Prophylactic interventions for preventing macular edema after cataract surgery in patients with diabetes: A Bayesian network meta-analysis of randomized controlled trials

Affiliations

Prophylactic interventions for preventing macular edema after cataract surgery in patients with diabetes: A Bayesian network meta-analysis of randomized controlled trials

Ruiheng Zhang et al. EClinicalMedicine. .

Abstract

Background: Diabetes significantly increases the risk of postoperative macular edema (PME) after cataract surgery, leading to potential worst post-operative outcomes. This study aims to compare the effect of different prophylactic interventions in improving postoperative anatomic and visual acuity outcomes of diabetes patients who underwent cataract surgery.

Methods: We searched MEDLINE, Embase, Web of Science databases from inception until February 2nd, 2022, for studies including studies reporting PME events and/or best-corrected visual acuity (BCVA) outcomes. Random-effects Bayesian network meta-analysis was performed to compare the efficiency of intravitreal anti-vascular endothelial growth factor injections (anti-VEGF), nonsteroidal anti-inflammatory drugs (NSAIDs) and topical steroids eye drop at 1 week, 1 month, 3 months, 6 months after cataract surgery.

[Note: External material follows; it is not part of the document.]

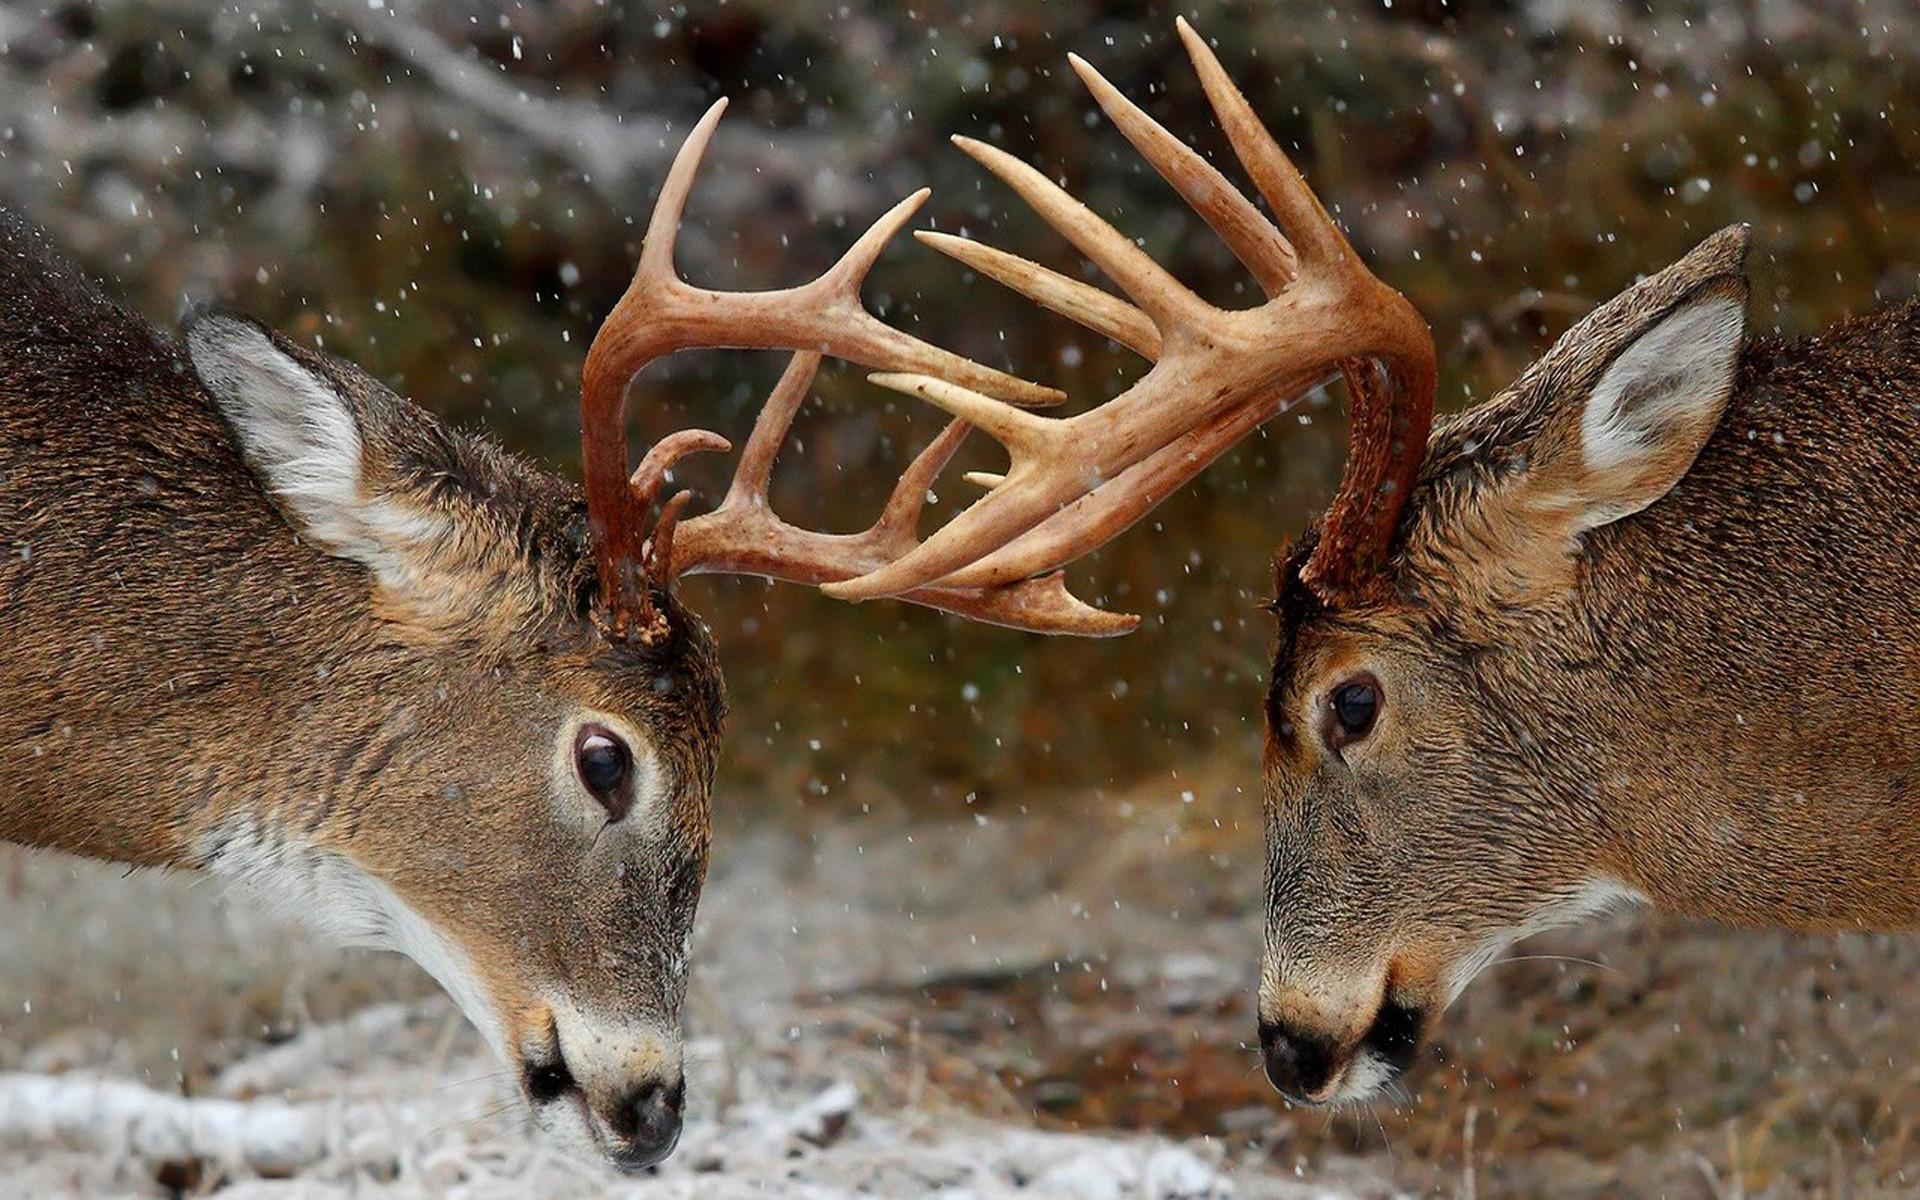 deer iphone hd wallpapers | Desktop Backgrounds for Free HD Wallpaper .

Findings: The total of 2566 participants from 17 randomized controlled trials were included in the network meta-analysis, with moderate risk of bias and no evidence of publication of bias. Compared to placebo/steroid eye drop alone, patients received additional topical NSAIDs or intravitreal anti-VEGF injections had lower risk of PME at 1 month (NSAIDs: OR=0·221, 95% Confidence interval [CI], 0·044-0·755, I2 =0·0%, 5 studies; anti-VEGF: OR=0·151, 95%CI, 0·037-0·413, I2 =0·0%, 5 studies) and 3 month (NSAIDs: OR=0·370, 95%CI, 0·140-0·875, I2 =0·0%, 8 studies; anti-VEGF: OR=0·203, 95%CI, 0·101-0·353, I2 =0·0%, 4 studies) after cataract surgery. Further, additional anti-VEGF exhibited better BCVA outcome at 1 month (mean difference of LogMAR: -0·083, 95%CI, -0·17 to -0·014, I2 =62·0%, 5 studies), and 3 months (mean difference of LogMAR: -0·061, 95%CI, -0·11 to -0·011, I2 =0·0%, 5 studies) after cataract surgery. Such additional benefits did not reach statistic significant at 6 months after surgery.

Interpretation: Our data suggests that compared to placebo/steroid eye drop alone, additional prophylactic anti-VEGF intervention could be considered for preventing the occurrence of PME after cataract surgery in patients with diabetes.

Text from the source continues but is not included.